Деревня состояла всего из одной улицы, по обеим сторонам которой шли хижины, но в конце я увидела современное бетонное здание с вывеской, на которой было написано «Начальная школа Мендисабаля». Было воскресенье, и школа стояла пустой. Я спросила жителей соседних домиков, и мне рассказали, что хозяин школы – Буэнавентура, который построил ее со специальной целью, чтобы их дети могли потом продолжить обучение в школе высшей ступени в Сан-Хуане. Во второй раз я оказалась в деревне во вторник, и в школе было полно детей. Я заметила, что у многих из них голубые глаза, того же серо-голубого оттенка, как и у Буэнавентуры, хотя все они были темнокожие. Это открытие озадачило меня, и ночью я никак не могла уснуть. Я спросила у Кинтина, что может означать этот странный факт, но он опустил голову и ничего не сказал. Я стала настаивать, и тогда Кинтин поведал мне, что его отцу нравятся негритянки и что он частенько занимается с ними любовью на берегу за несколько долларов. Это привело меня в ужас. Буэнавентура – отвратительное существо, и я поклялась, что никогда больше не поеду с ним на пляж Лукуми.
После исчезновения Аристидеса Арриготии Ребека унаследовала его деньги и наконец перестала зависеть от скупердяйства своего мужа. Она беспрерывно устраивала обеды и вечеринки для своих друзей, и я должна была непременно присутствовать на всех. Свободе было пятнадцать лет, а Родине шестнадцать. У них было множество друзей, и они вели чрезвычайно активный образ жизни, так что мне приходилось помогать Ребеке варить кофе и готовить закуски для их гостей. Каждый приход гостей предполагал предварительное посещение парикмахера и визажиста, поскольку всегда следовало быть на пике моды. Через полгода всех этих кувырканий я стала умирать от скуки.
Поначалу Ребека была со мной приветлива, но после свадьбы сделалась невыносимой. Казалось, я непрерывно должна демонстрировать, что моя любовь к ее сыну искренна. Я не понимала, почему Ребека так ревнива; возможно, потому, что ее словно бы отодвинули на второй план, но ведь сама она была к сыну абсолютно холодна. Она насмехалась над ним; по ее мнению, Кинтин никогда ничего не делал как надо. Со своей стороны Кинтин был бесконечно снисходителен к матери и никогда не принимал всерьез ее нападки. Ребека для него всегда находилась на пьедестале, и, стоило мне позволить себе малейшую критику в ее адрес, он тут же ставил меня на место и призывал не забываться. «Помни, Ребека – моя мать, – сурово говорил он, – и она много страдала».
Много лет Ребека, не пикнув, подчинялась Буэнавентуре и принимала спартанский образ жизни, который он установил, но, когда мы с Кинтином поженились, она устала от роли мученицы. Она постарела, и ее кожа теперь напоминала траченный временем мрамор. Теперь она уже не так блюла дисциплину и порядок. Она хотела наслаждаться жизнью и поэтому предпочитала общество Игнасио, Родины и Свободы, своих младших детей, бедняге Кинтину.

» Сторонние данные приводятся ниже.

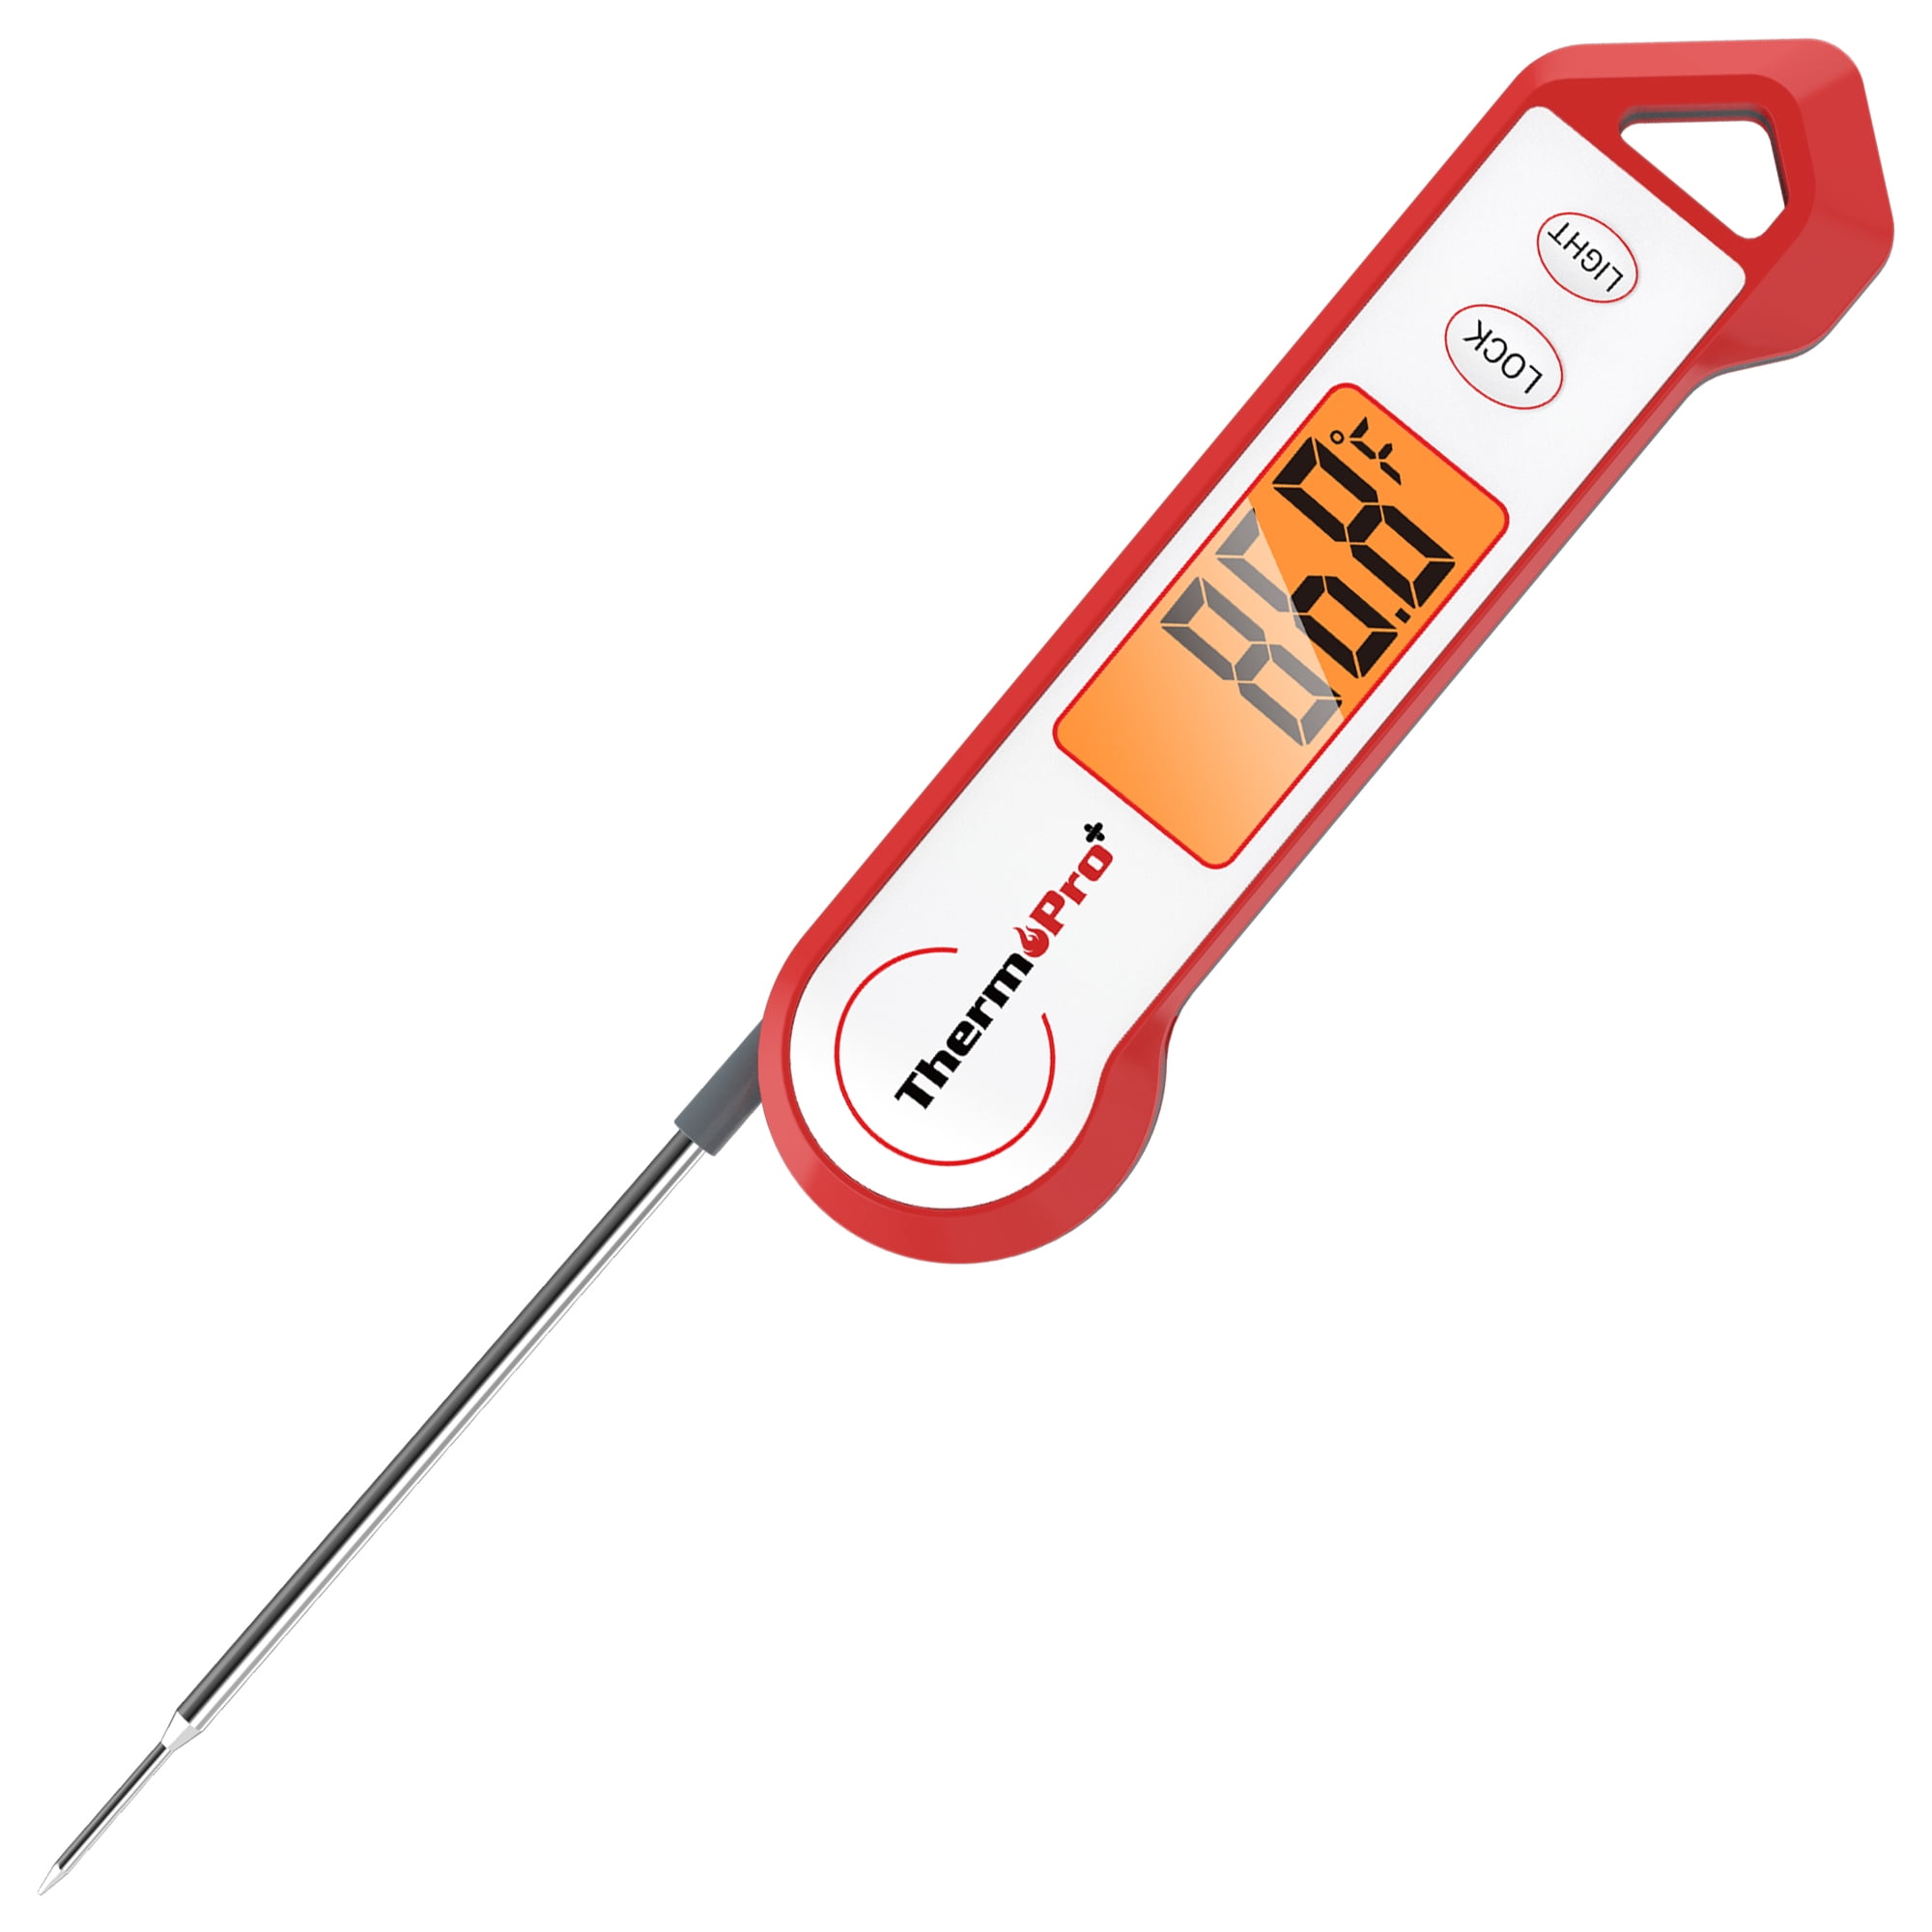 ThermoPro TP19H Digital Meat Thermometer for Cooking with Bright

У Игнасио был веселый характер, он всегда шутил и смешил Ребеку. Кинтин, напротив, был немного мрачноват. У него была бледная кожа и темные волосы Мендисабалей, а в глазах порой появлялось такое выражение, от которого Ребека чувствовала озноб. Игнасио был светловолосый и унаследовал яркую внешность северных итальянцев. Он не знал, что значит слово «огорчение», поскольку Ребека всю его жизнь относилась к нему как к ребенку. Игнасио никогда не отправляли на нижний этаж, как это было с Кинтином, когда Ребека не хотела видеть его, потому что тот напоминал ей о Павле. И она не допускала, чтобы Буэнавентура запугивал Игнасио, вынуждая учиться торговому делу и заставляя работать по десять часов в сутки, занимаясь погрузкой и разгрузкой ящиков с треской. Когда мы с Кинтином поженились, Игнасио только что исполнилось семнадцать лет, и он учился на первом курсе университета во Флориде. Он никогда не работал, и у него не было никакого желания заниматься торговлей; ему хотелось посвятить себя искусству, но он пока не знал, какому именно.

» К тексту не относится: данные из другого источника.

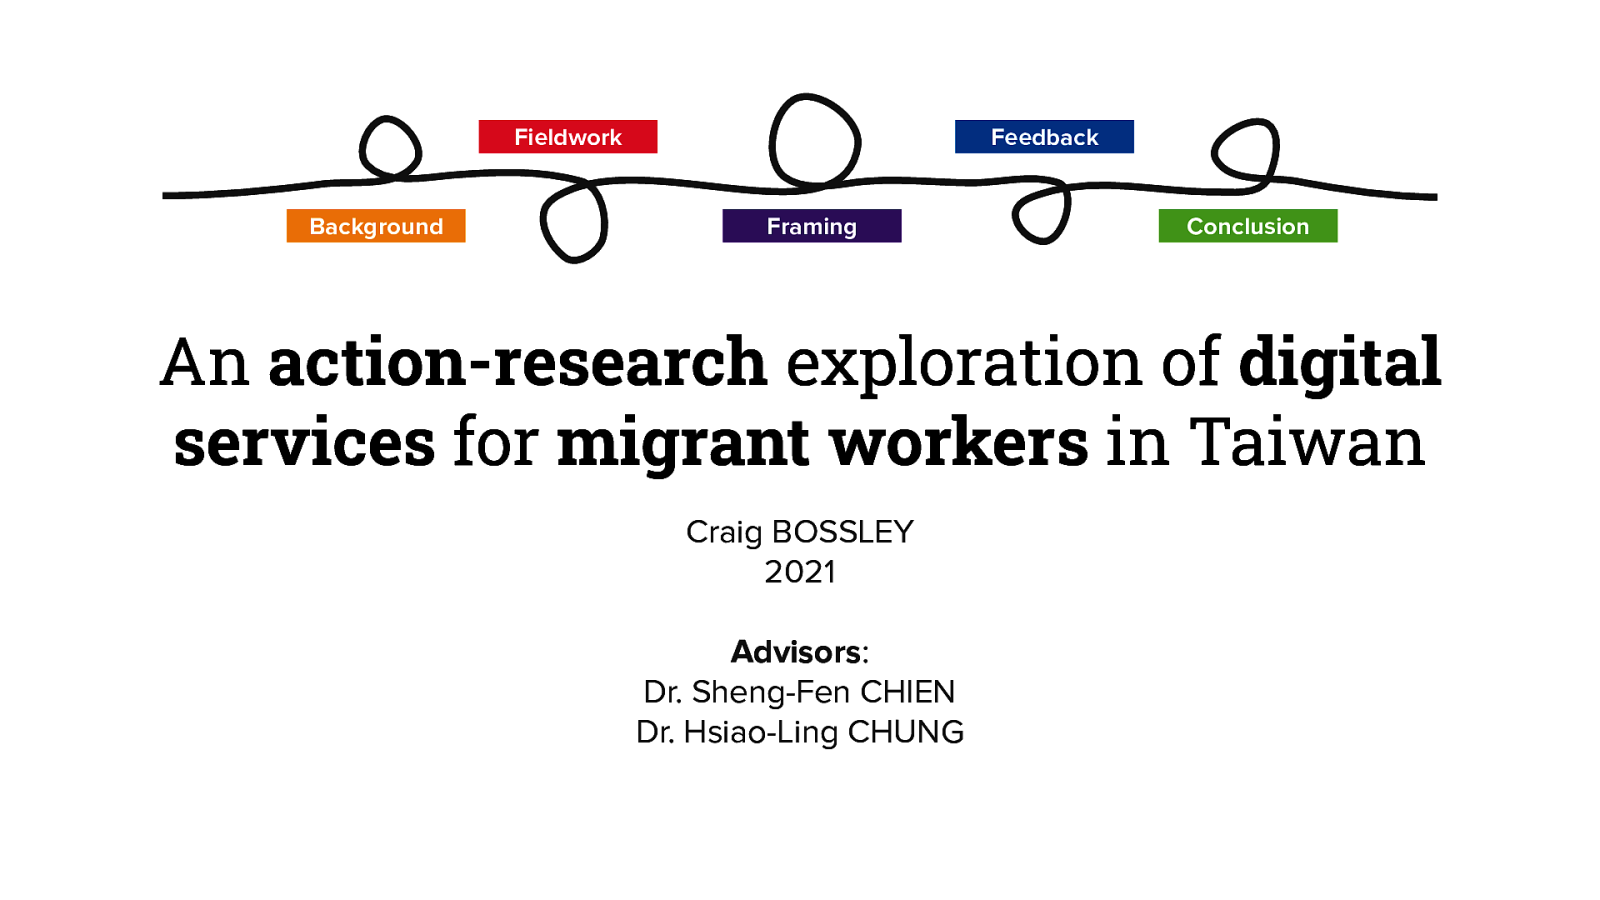 An action-research exploration of digital services for migrant workers in Taiwan

Между тем Ребека стала усиленно следить за собой. Она хотела оттянуть физическое разрушение как можно дольше, а для этого нужны были люди, которые бы ей в этом помогли. Она велела Петре привезти в дом нескольких ее племянниц из Лас-Минаса. Не прошло и дня, как лодка пересекла лагуну Приливов и причалила у террасы. Скоро еще одна родственница Петры утвердилась на нижнем этаже. Петра указала ей ее обязанности: во-первых, делать Ребеке массаж, затем причесывать и делать маникюр и, наконец, содержать в порядке ее гардероб. Потом последуют и другие.
Однажды, когда Петра, стоя на коленях, яростно скребла щеткой пол кухни, я услышала, как она разговаривает с Эулодией, чистившей серебро.
– Ребека, должно быть, снова принялась танцевать и писать стихи, – говорила она своей племяннице, – оно и к лучшему, может, меньше будет с ума сходить.
Несмотря на то что Петра была гораздо старше Ребеки, у нее не было ни одного седого волоса, и Ребека как-то обратила на это внимание. Она спросила Петру, что нужно делать, чтобы не стареть.
– Спросите своего мужа, – ответила ей Петра, проходя мимо с корзиной свежевыглаженного белья на голове. – Понсе де Леон был конкистадор, как и он, и знал, в чем секрет молодости. Мы, африканцы, тоже это знаем, потому и не стареем.
И она заперлась в кухне вместе с Эулодией и другими племянницами, чтобы посмеяться над Ребекой.
Мне становилось жаль Ребеку, хотя мы с ней и были такие разные. В доме на берегу лагуны не было ни одной книги; библиотека Ребеки исчезла в тот день, когда Буэнавентура сровнял с лицом земли дом Павла. Однажды, когда мы с ней сидели и болтали на террасе, я набралась храбрости и спросила о ее писательстве.
– Это правда, что вы когда-то написали сборник стихов? – робко спросила я. – Мне бы так хотелось почитать.
Ребека выслушала меня, опустив голову, и ничего не ответила. Когда она подняла глаза, я увидела, что они полны слез.
– Ты такая милая, – сказала она благодарно. – Я тебе с удовольствием его покажу.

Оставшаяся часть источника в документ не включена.